McKinsey Apologizes for Overcharging South African Power Utility
(Bloomberg) -- McKinsey & Co. has apologized to South Africa again over how business was handled with state-owned Eskom Holdings SOC Ltd., saying it overcharged the utility and was slow to admit wrongdoing.
The consulting firm admitted in October to failing to follow its own procedures while doing business with the power company when it worked alongside Trillian Capital Partners Pty Ltd., a business linked to the Gupta family. McKinsey reached a settlement last week to repay almost 1 billion rand ($74 million) in fees to Eskom.
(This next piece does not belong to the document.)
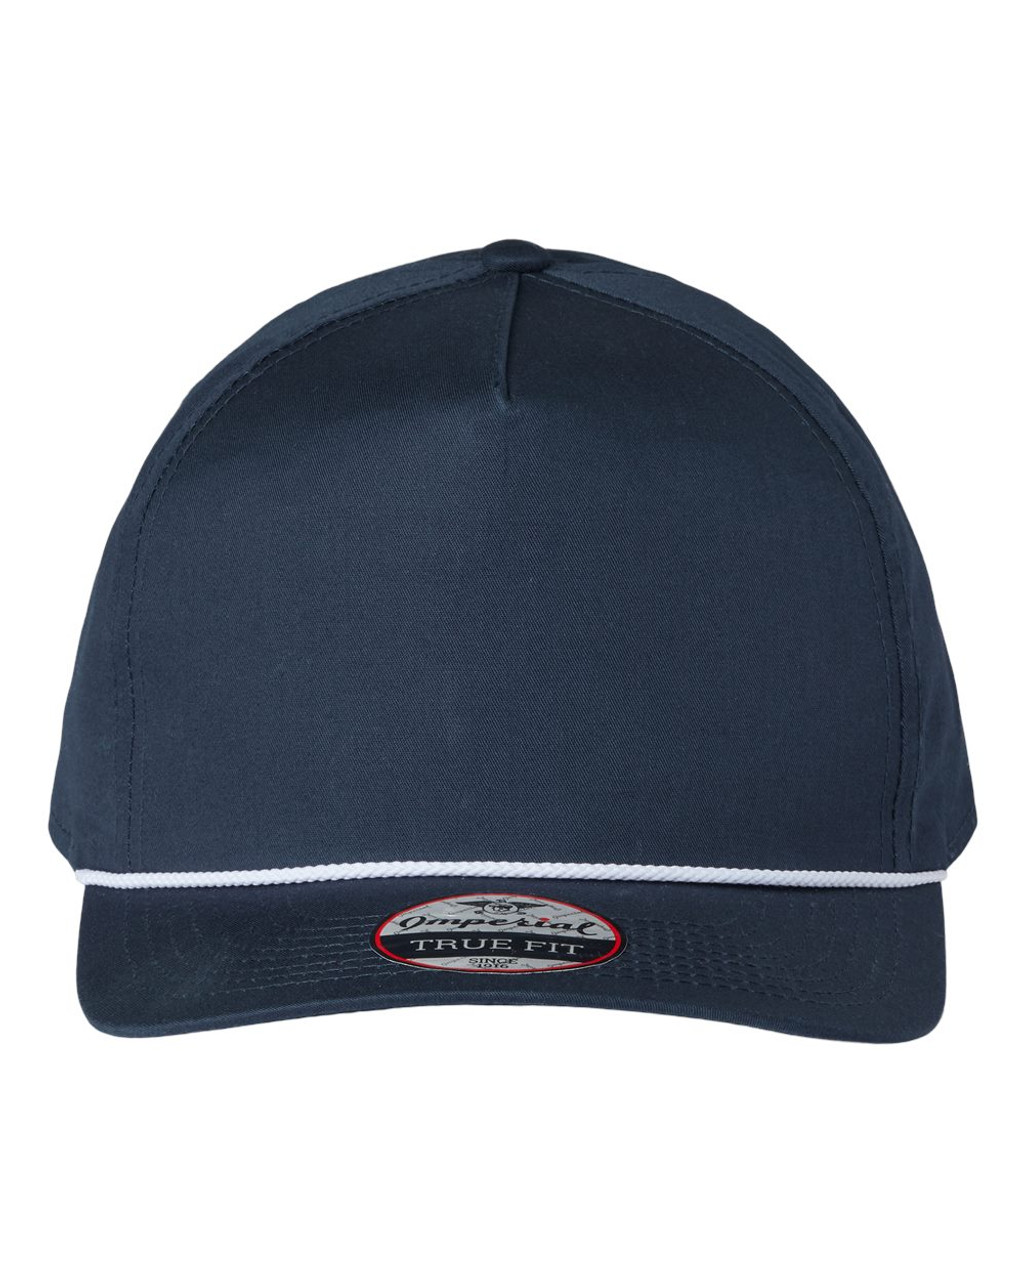 Imperial - The Barnes Cap - 5056 Navy/White

“The trust of our clients and the public in South Africa is now, understandably, very low,” Kevin Sneader, global managing partner of McKinsey, said Monday at a business school in Johannesburg. “We did not communicate well enough how seriously we were taking this, or how sorry we were for our involvement.”
McKinsey became embroiled in claims that the Gupta family used their friendship with former President Jacob Zuma to win lucrative contracts from state companies, particularly through Eskom, which provides more than 90 percent of the nation’s electricity. The Guptas and Zuma deny any wrongdoing. Financial-services firm Trillian is linked to the Gupta family through business associate Salim Essa, who was its principal shareholder until he sold out.
Sneader, who became global managing partner at McKinsey this month, gave a speech at the Gordon Institute of Business Science to “confront our mistakes,” saying governance processes had failed and due diligence should have been done earlier. “They were not attentive enough to the fact that Trillian was a new entity or to the scale of the challenges facing Eskom,” he said.
The mistakes, illustrated over the past year as various investigations and reports emerged, have had a significant material effect on McKinsey’s business, Sneader said in an interview. Clients including Coca-Cola’s South Africa unit and petrochemicals company Sasol Ltd. have said they’re awaiting results from corruption probes before they’ll award new business to the firm.
While acknowledging that correct procedures weren’t followed, Sneader reiterated that a review of records including millions of emails and dozens of interviews showed there’s “no evidence our firm engaged in corrupt activity.”
In May, South Africa’s National Prosecuting Authority’s Asset Forfeiture Unit filed a lawsuit aimed at recouping 1 billion rand in consultants’ fees it said were unlawfully paid to McKinsey by Eskom, after talks with the U.S. firm about voluntarily repaying the money stalled.
“The fee was weighted towards recovering our investment rather than being in line with Eskom’s situation,” Sneader said. “In that context the fee was too large.”
Trillian was the so-called supply development partner of McKinsey in an agreement it had to provide services to Eskom until the relationship between McKinsey and Trillian ended in March 2016.